- **PROBLEM DESCRIPTION**
Take the line that contains "2007-2013 last row vs last col, log scale" and each one after it through the last line below, and retype them exactly. Leave out the pictures.

- **COLLECTED DATA**
========
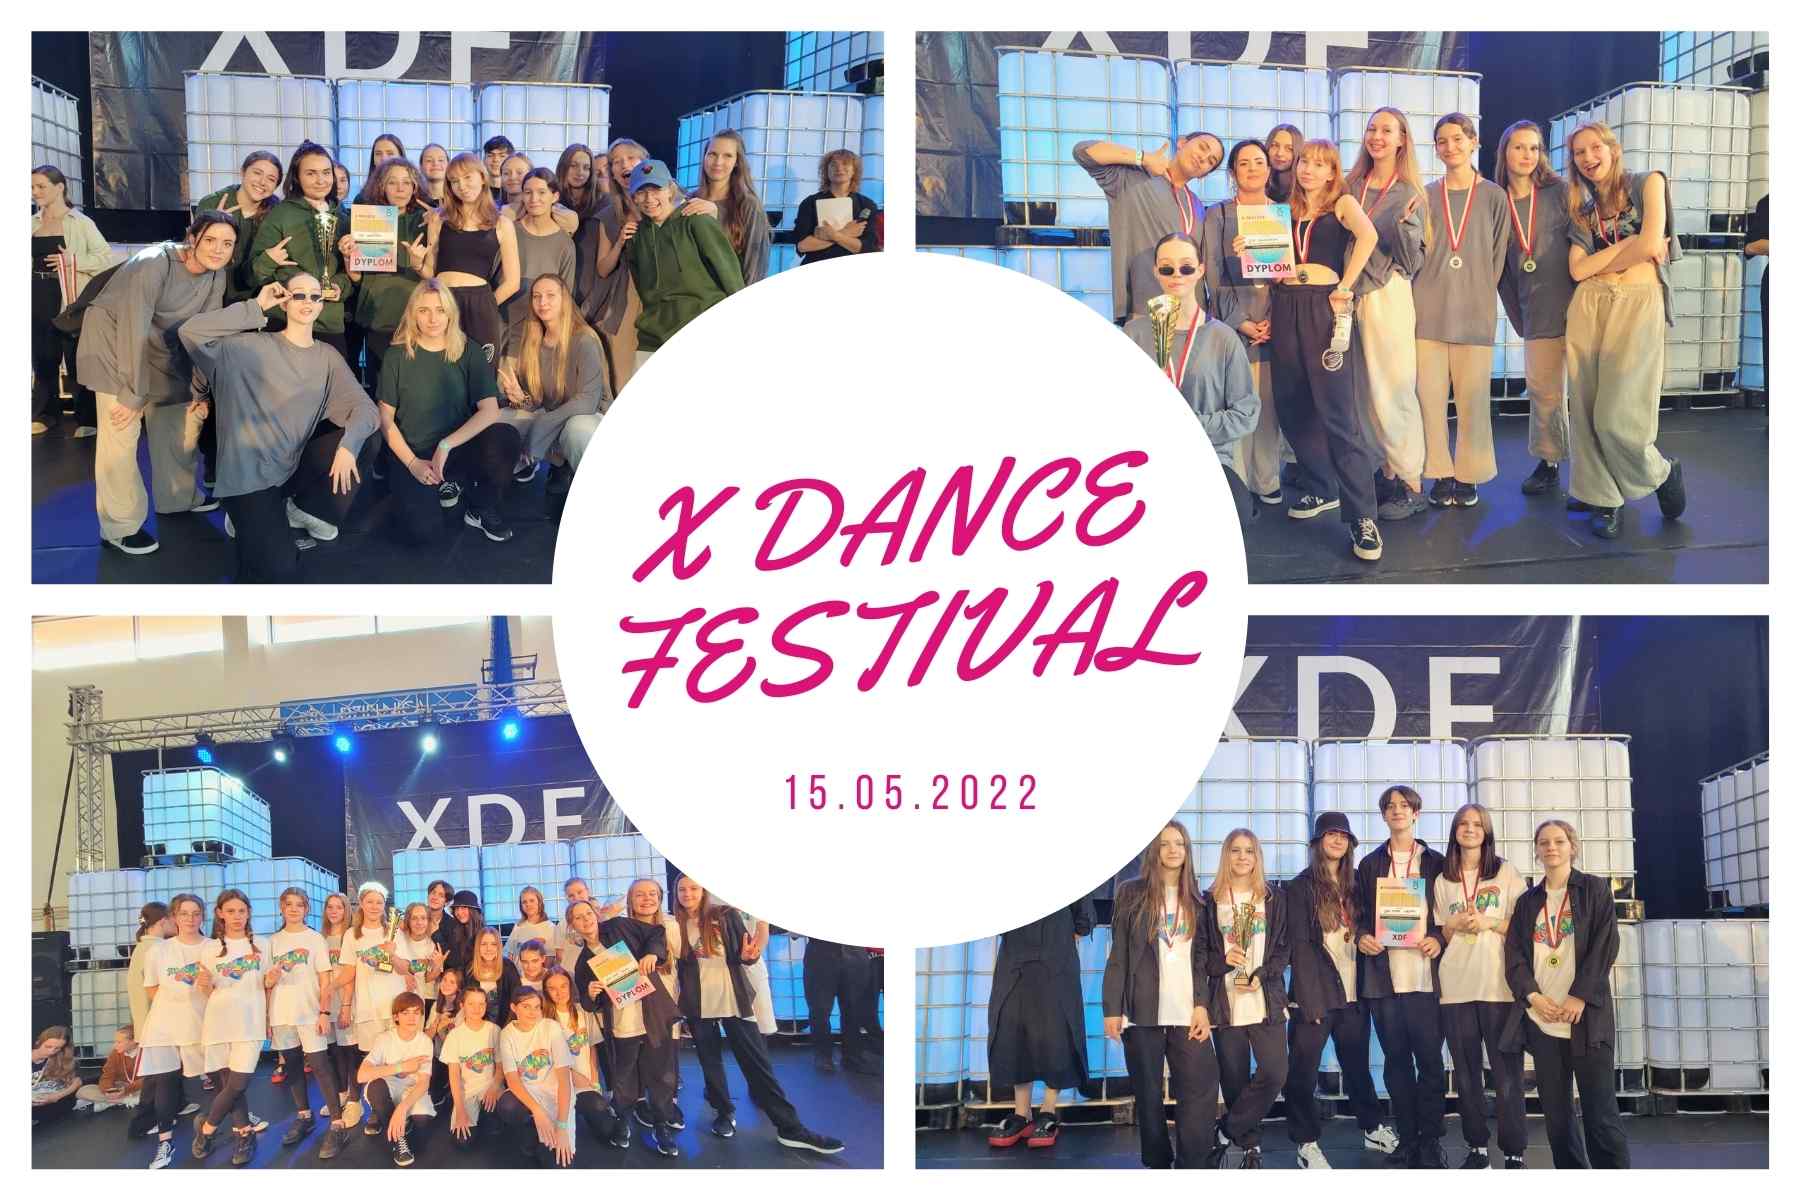 xdance festival 2022
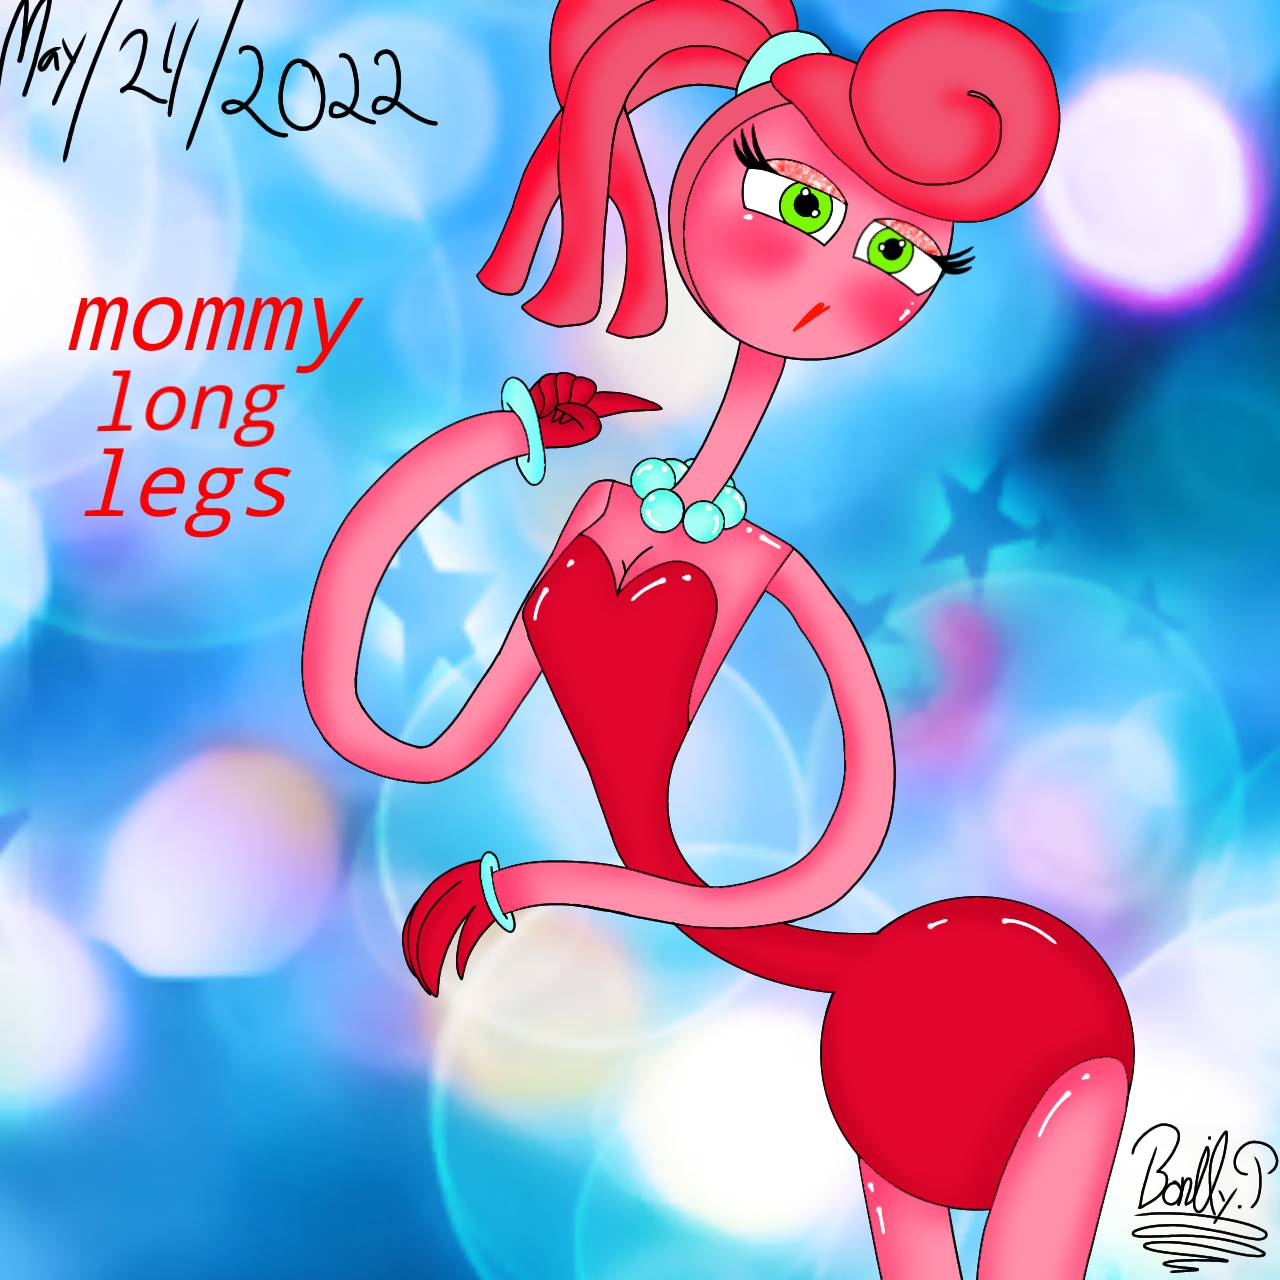 Mommy long legs by DoughyDemon on DeviantArt
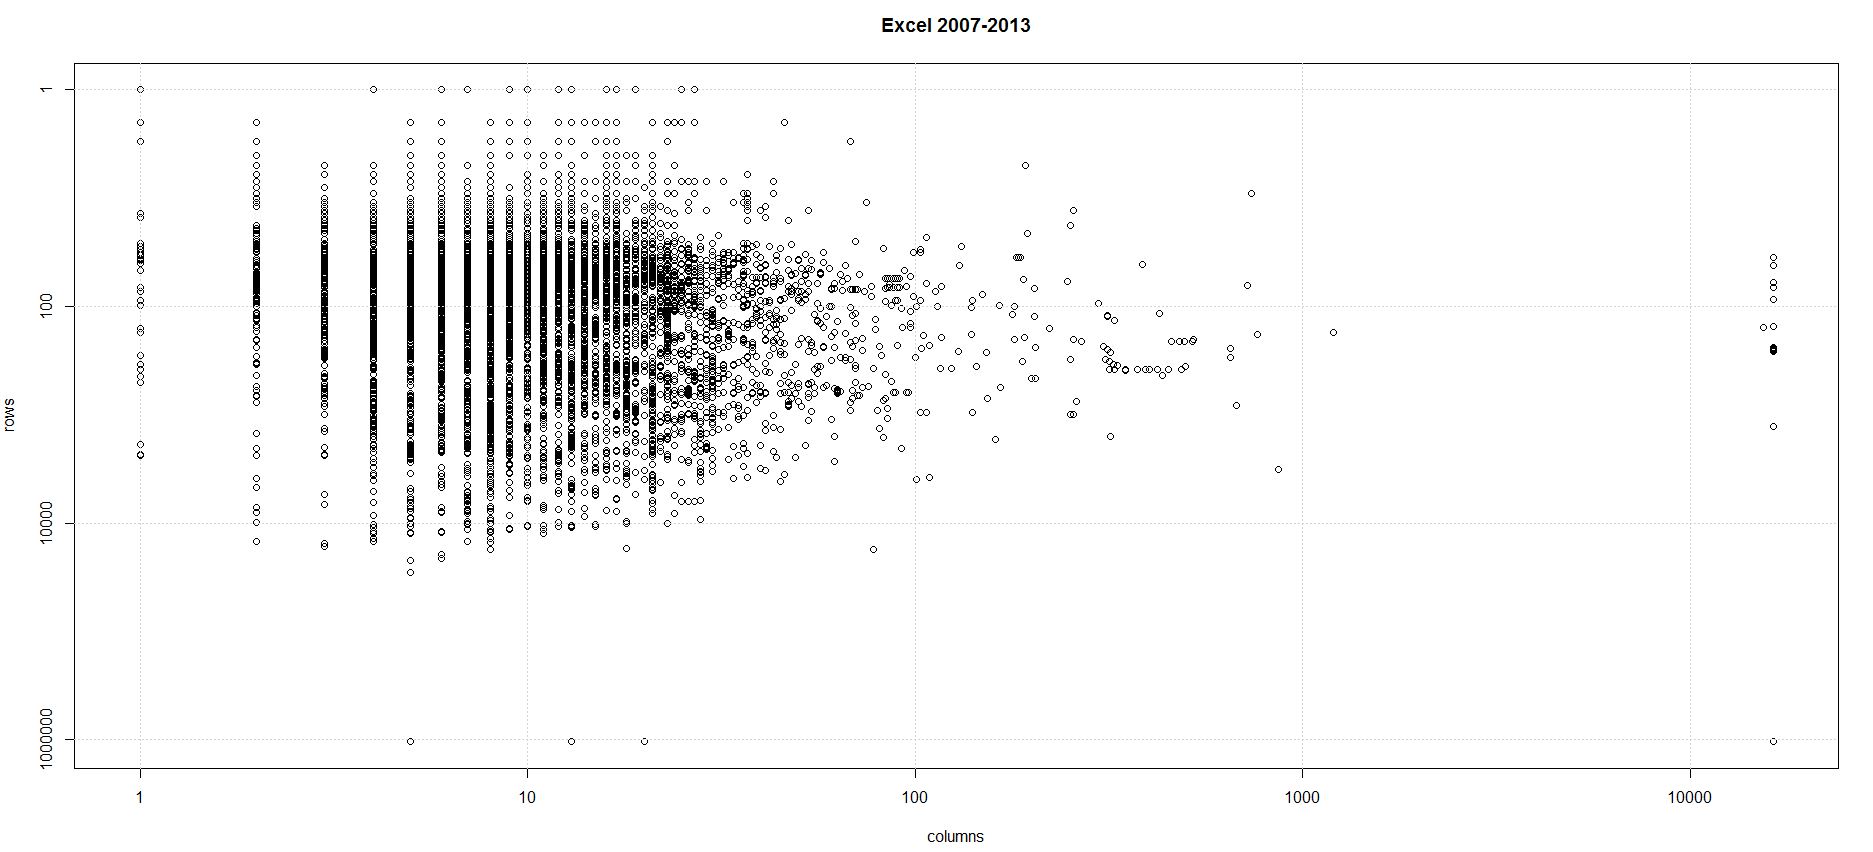 2007-2013 last row vs last col, log scale
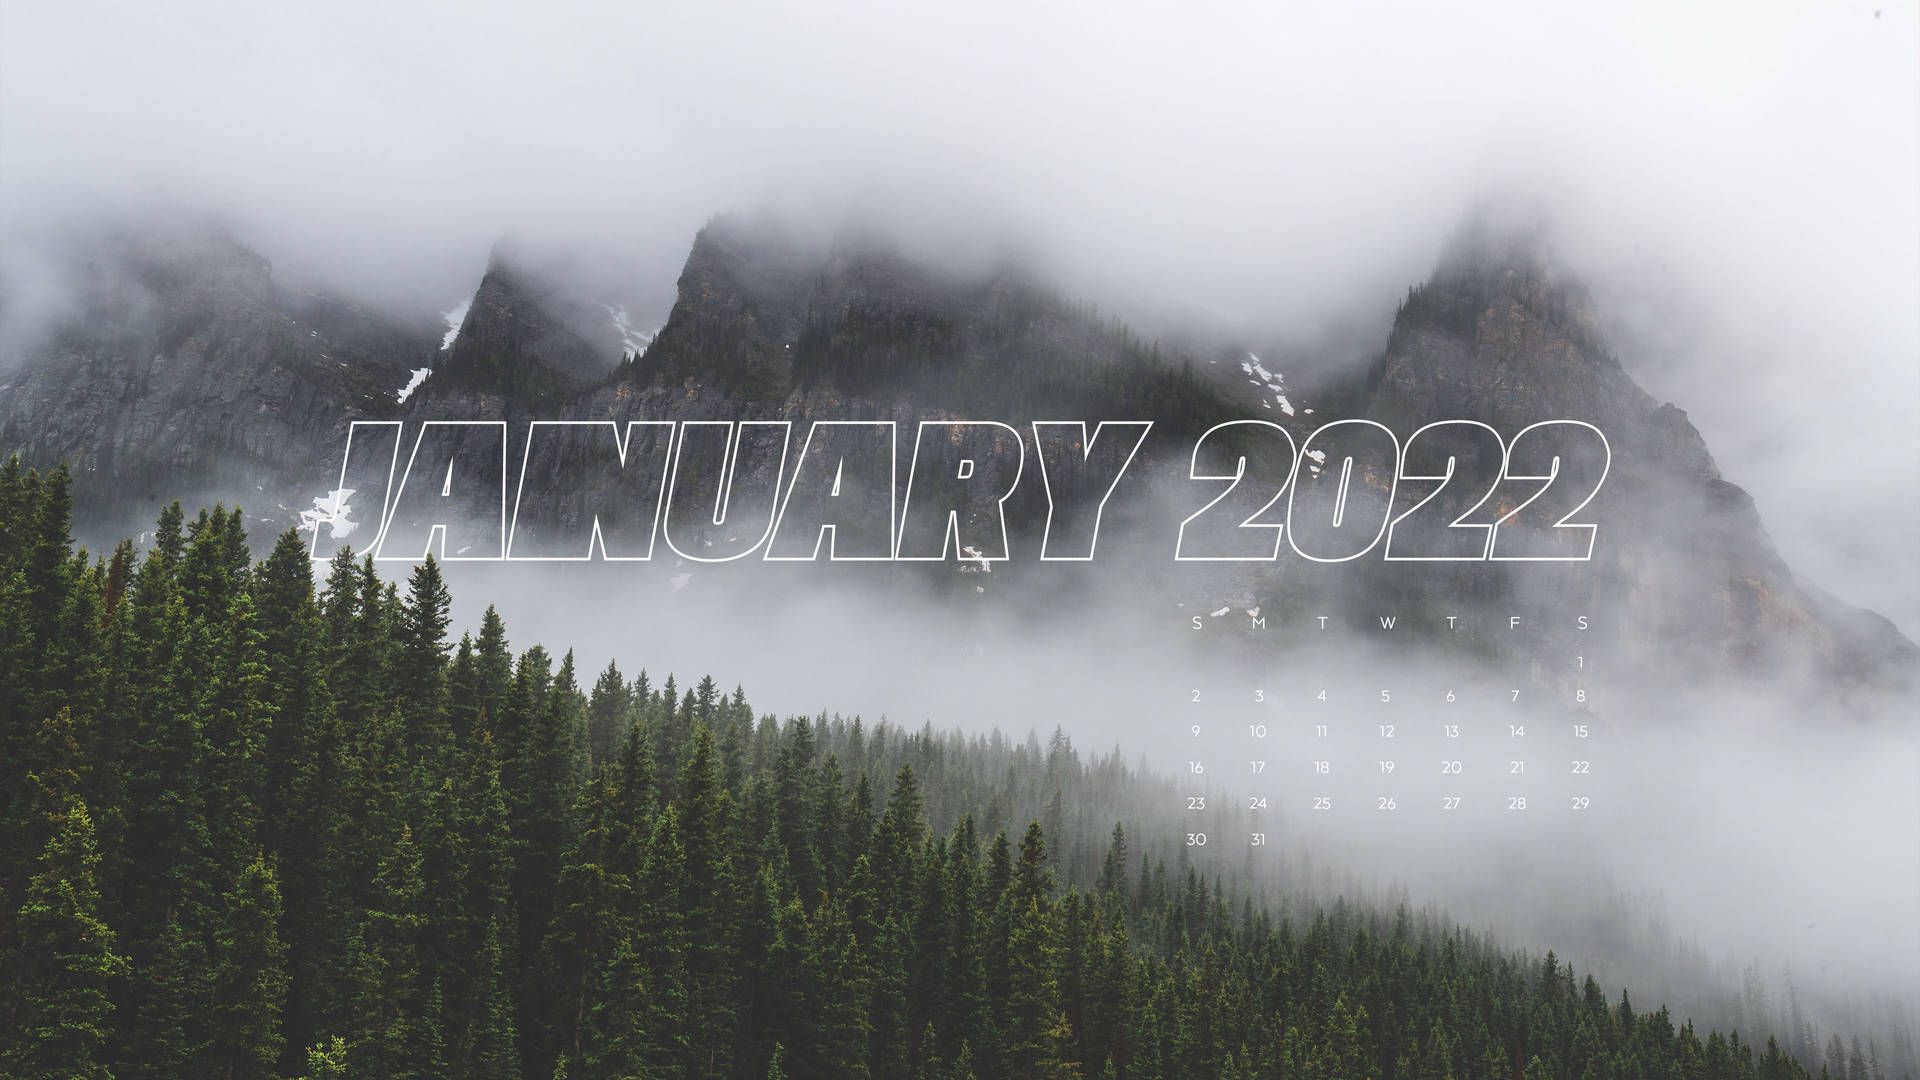 January 2022 Foggy Mountains Wallpaper
========
- **REPLY TO THE EXERCISE**
 2007-2013 last row vs last col, log scale
 January 2022 Foggy Mountains Wallpaper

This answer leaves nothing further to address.